Fibromyalgia sufferers are ready for relief. Their journey to diagnosis takes an average of five years, and treatments that successfully manage pain for everyone across the board are difficult to find. Designing a pain management plan can take sometimes years of trial and error, which is why so many patients may try whatever new supplement is touted to relieve fibromyalgia pain. In this series, we will look at a number of different supplements, examining available research and patient testimonials to see if they live up to the hype. This week, we shine the spotlight on melatonin for fibromyalgia.

Does taking melatonin for fibromyalgia work?

Melatonin is a hormone produced by the pineal gland in the brain. It helps to regulate sleep and waking cycles. While melatonin can be found in small amounts in meat, fruits, grains, and vegetables, many people choose to add melatonin supplements to help them sleep. But does melatonin for fibromyalgia work to control pain, too?

Research in 2000 found that in a four-week open study of melatonin on pain patients, the number of tender points and the severity of pain improved significantly for those patients who completed the study. While not a placebo-controlled, double-blind study, this was a promising beginning to the study of melatonin for fibromyalgia.

In 2014, a slightly larger study from Brazil wanted to see which was more effective at reducing fibromyalgia pain: 25 milligrams of amitriptyline, ten milligrams of melatonin, or a combination of amitriptyline and melatonin together. Study participants kept pain diaries in which they recorded the intensity and duration of their pain, rating it from one to 100 on the Visual Analogue Scale. At the end of six weeks, all patients reported lower pain, but patients taking melatonin alone or amitriptyline and melatonin together had lower pain scores than those who just received amitriptyline.

Melatonin and sleep

Melatonin may be not only a way to directly address fibromyalgia pain directly but to also combat a primary cause or symptom of that pain – lack of sleep.

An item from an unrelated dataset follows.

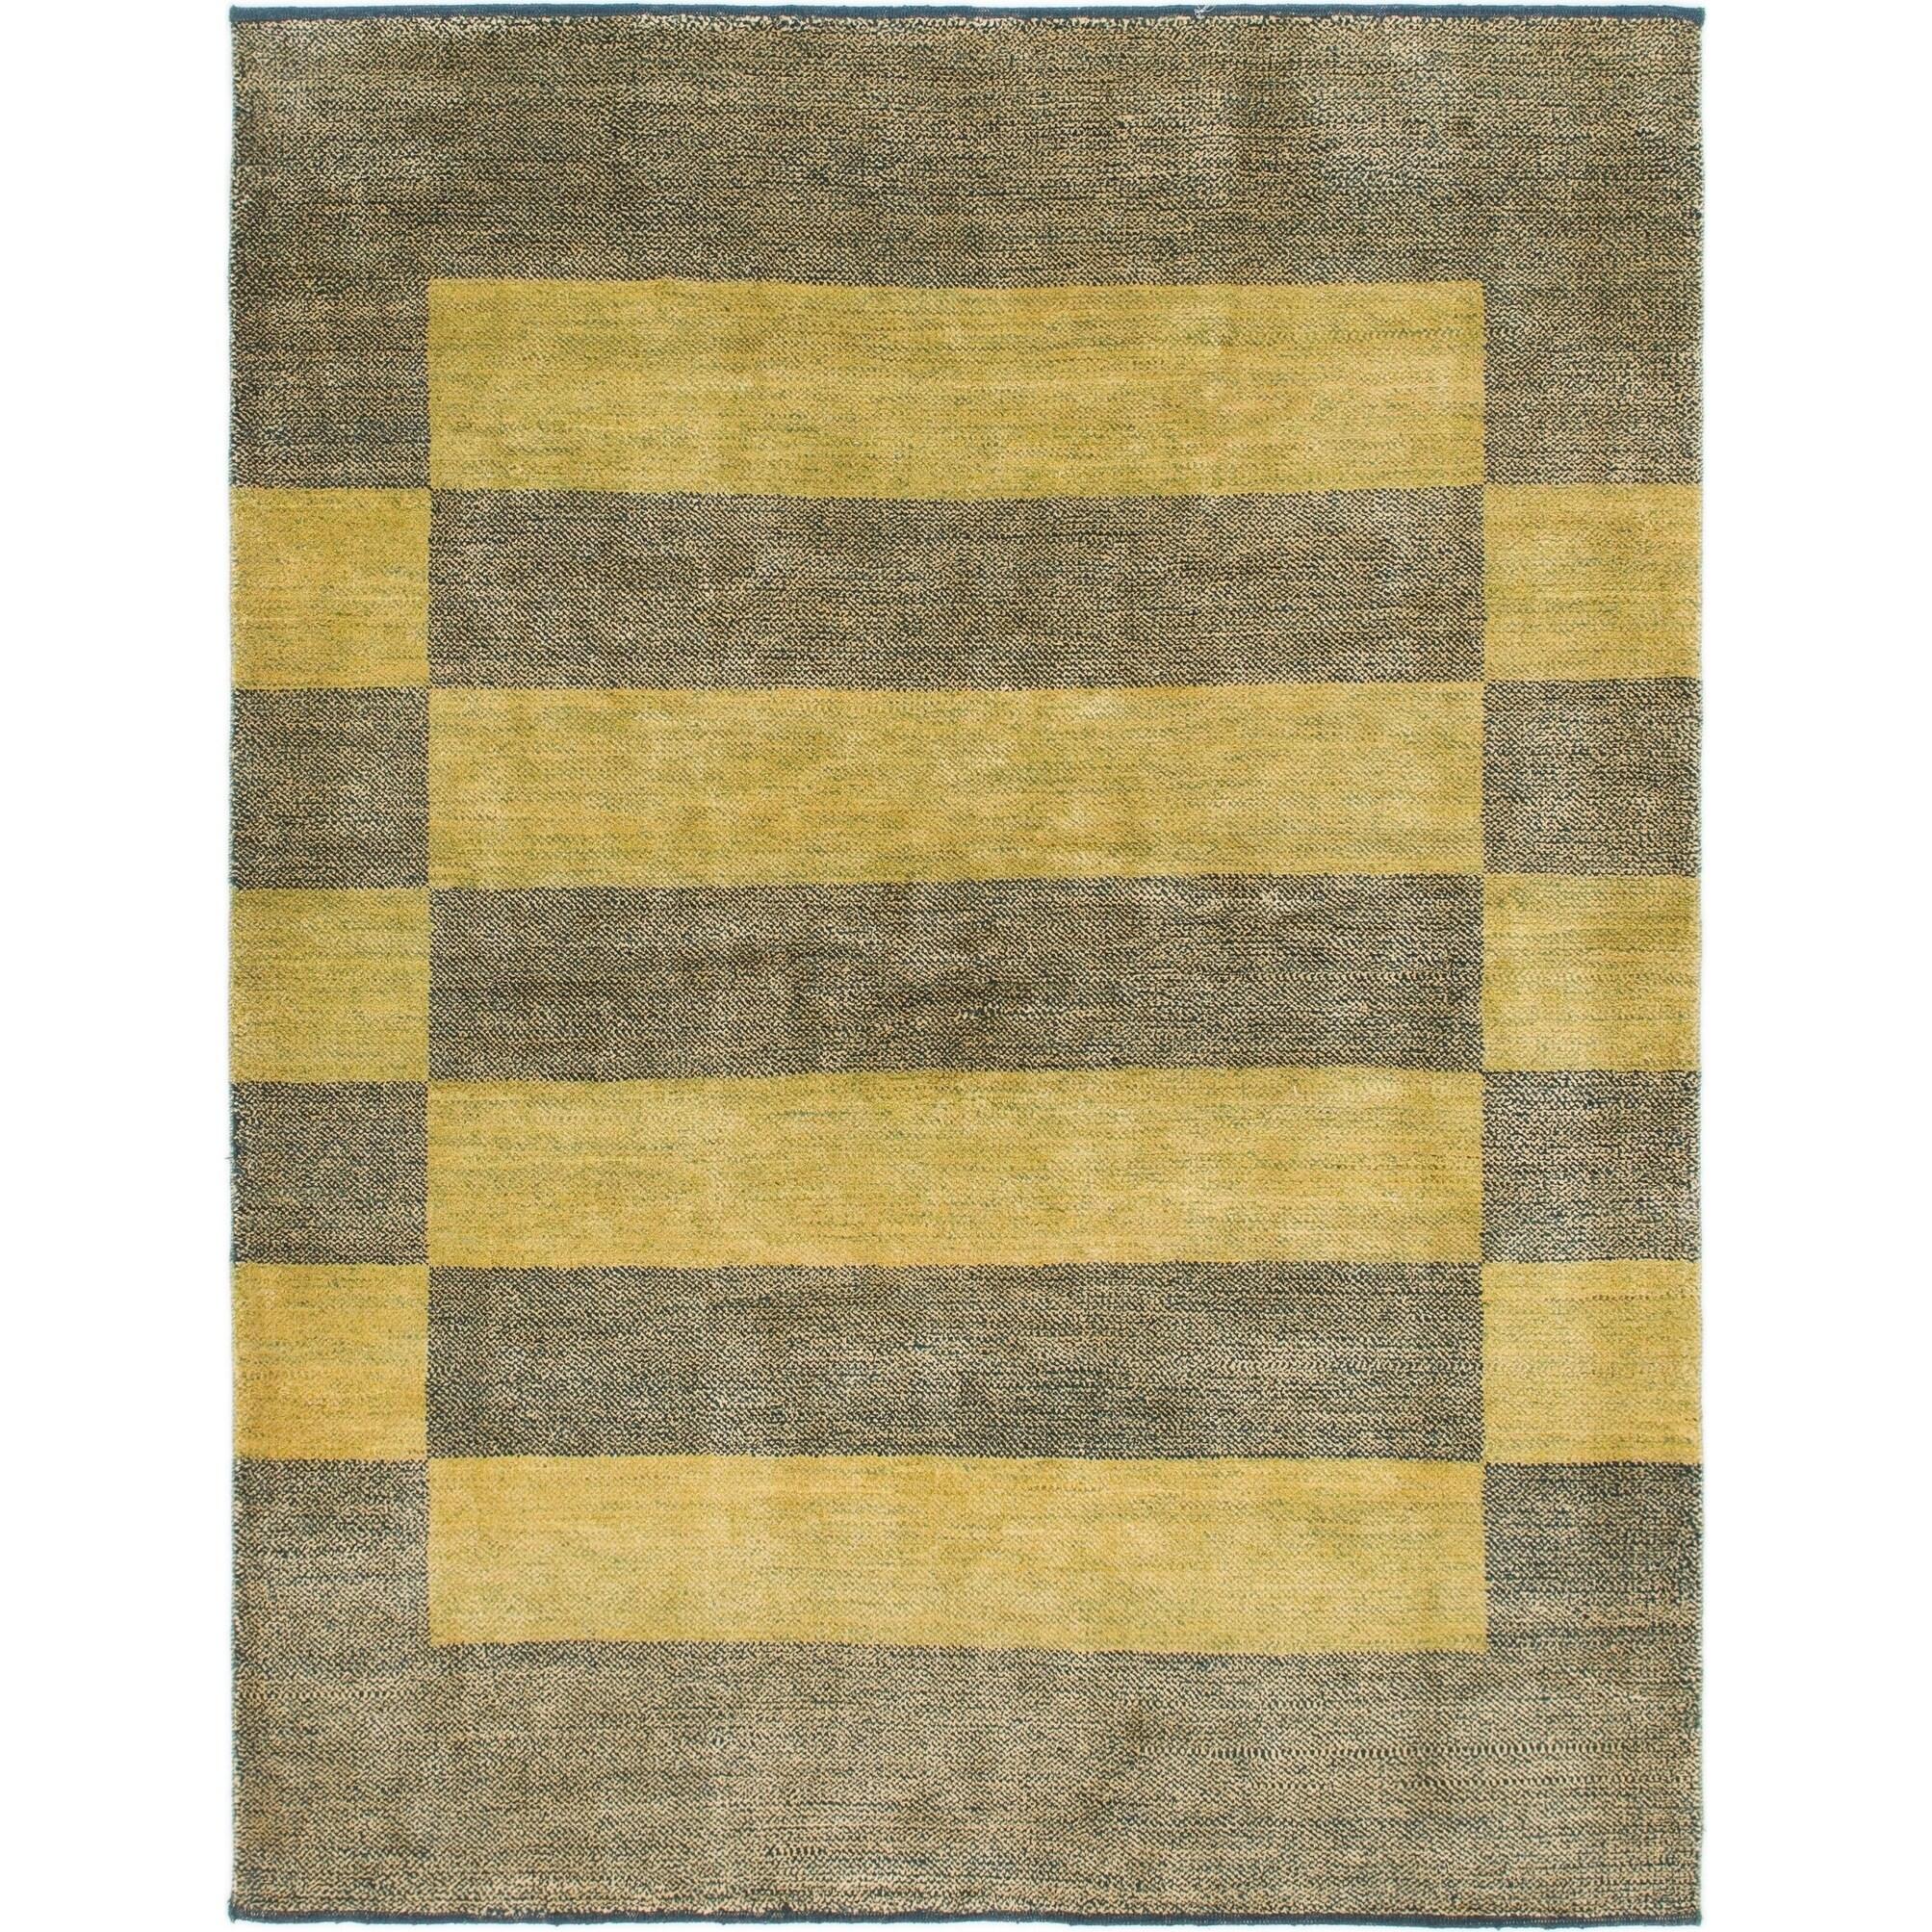 Hand Knotted Kashkuli Gabbeh Wool Area Rug - 6 x 7 10 (Green - 6 x 7 10)

Researchers at Wolters Kluwer Health: Lippincott Williams and Wilkins have found that people who suffer from sleep disorders have an increased sensitivity to pain. This is seen most profoundly in those who suffer from chronic pain. In fact, new research is investigating the idea that sleep disorders may be one of the primary causes of chronic pain (rather than the reverse which has for years been thought to be true).

Børge Sivertsen, PhD, of the Norwegian Institute of Public Health, Bergen and leader of the study that found increased sensitivity to pain in insomniacs, pointed out that although the connection is obvious, the underlying reasons are unclear, noting:

“While there is clearly a strong relationship between pain and sleep, such that insomnia increases both the likelihood and severity of clinical pain, it is not clear exactly why this is the case.”

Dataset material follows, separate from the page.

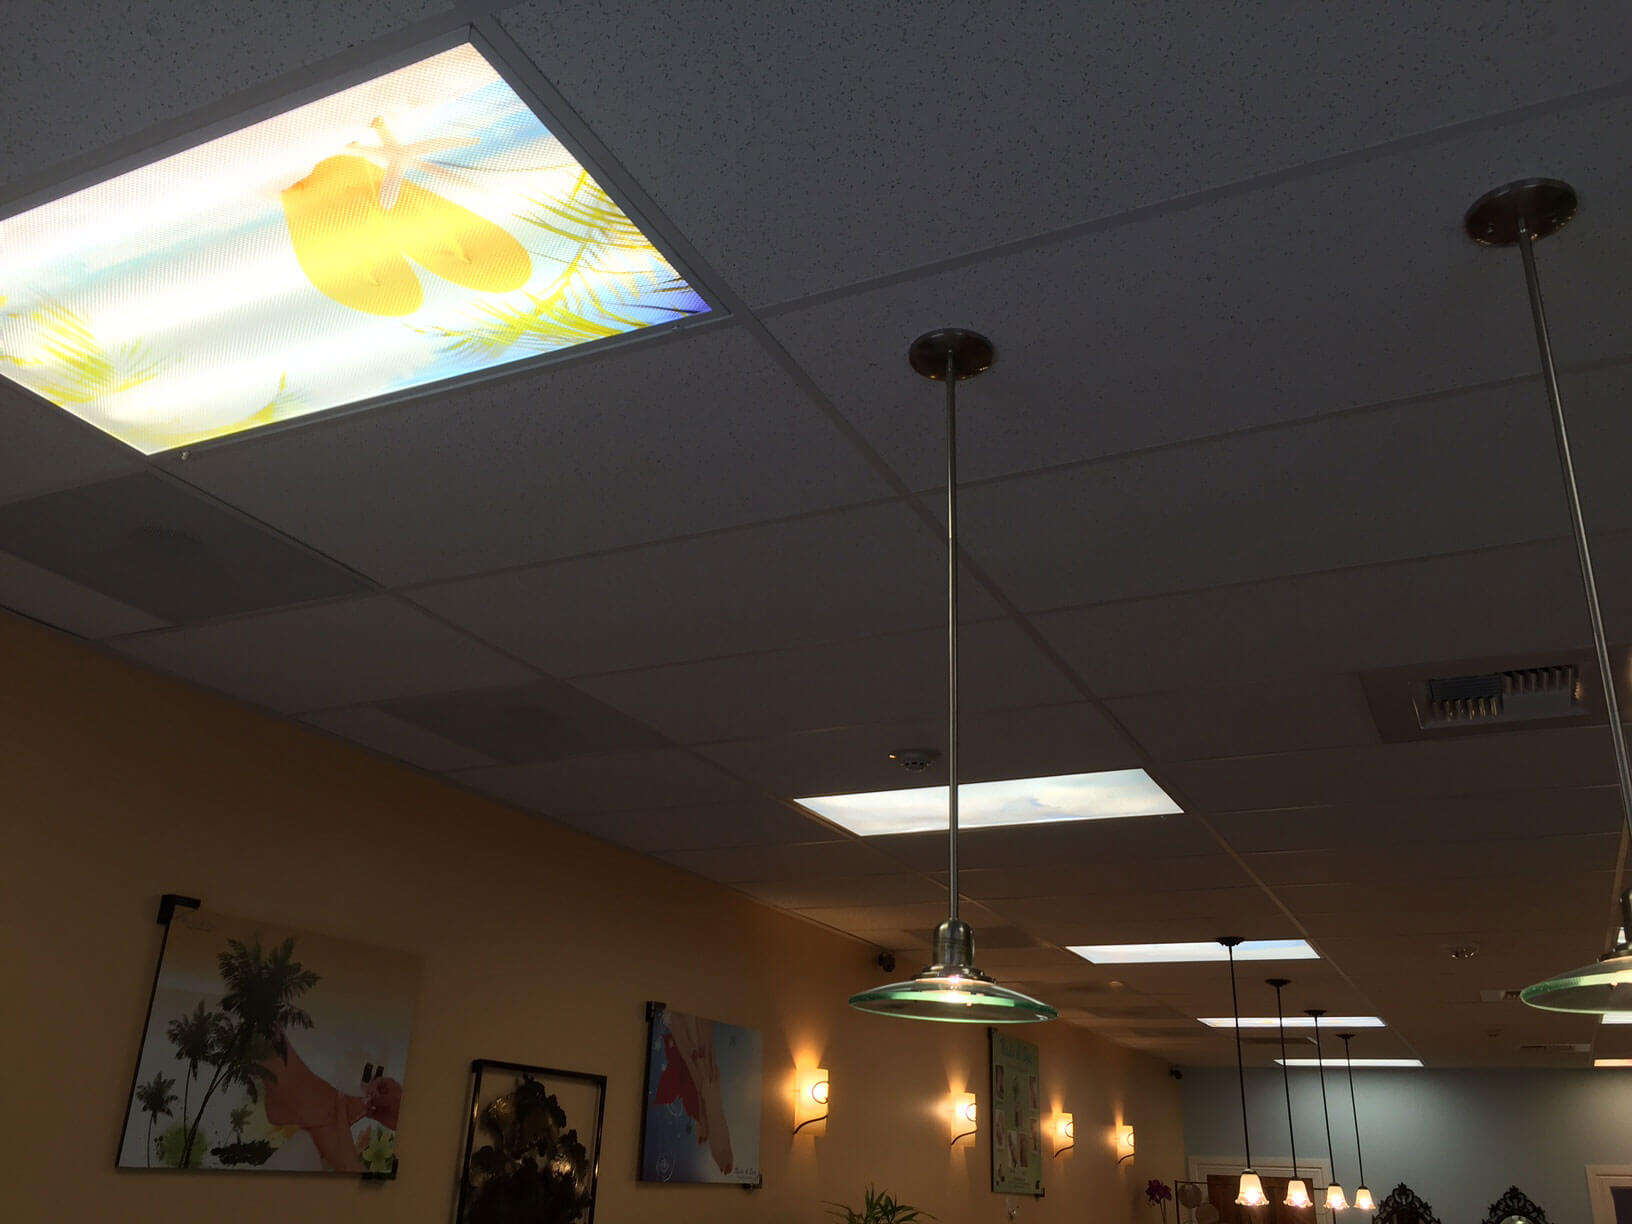 Decorative Light Cover Panels On

Because of this connection, however unclear it may be, melatonin may be a way to combat fibromyalgia while lying down. A meta-analysis of the research found that melatonin made a clinically significant difference in both the quality and quantity of sleep for people with sleep disorders. This means that they were able to fall asleep more quickly and sleep for longer periods of time.

Cautions for melatonin for fibromyalgia use

If you are considering taking melatonin for fibromyalgia pain, talk to your doctor first. It is important to discuss any supplements you are considering as they may have serious side effects or interactions with prescription medications.

Some things to think about when considering supplementing with melatonin for fibromyalgia include:

  • The study from Brazil utilized a higher dose of melatonin than standard for help with sleep – ten milligrams of melatonin nightly for six weeks. A standard dose of melatonin is between one and three milligrams. The Mayo Clinic offers melatonin dosing guidelines that vary widely depending on what you are supplementing for.
  • Melatonin is present in our body naturally and is, in fact, what sets our internal circadian rhythm. The circadian rhythm tells us it’s time to go to bed or wake up and is regulated by the sunlight that prompts the brain to increase or decrease melatonin production.
  • Supplementing with melatonin needs to be done at the correct time of day so as to not throw off your natural biological rhythms.

One of the most important things to ask your doctor about is drug interactions. Melatonin has severe interactions with sedative medications. Other moderate reactions are possible with the following types of prescriptions:

  • Birth control hormones
  • Diabetes medications
  • Immunosuppressants
  • Fluvoxamine
  • Anticoagulant/antiplatelet drugs

Even caffeine can cause a moderate interaction.

Some groups should not consider supplementation with melatonin for fibromyalgia. Women who are pregnant or breastfeeding should not use melatonin because it has not been studied enough in this population. Those with bleeding disorders, seizure disorders, and transplant recipients should also approach melatonin supplementation with care.

Supplementation with melatonin for fibromyalgia does seem to hold some promise, both for relieving fibromyalgia pain itself and for treating and relieving sleep disorders that can contribute to pain. While side effects are possible and some people may not be able to use melatonin due to comorbid conditions, many others are able to safely supplement with melatonin for fibromyalgia.

Do you now or have you ever taken melatonin for fibromyalgia pain? What was the result?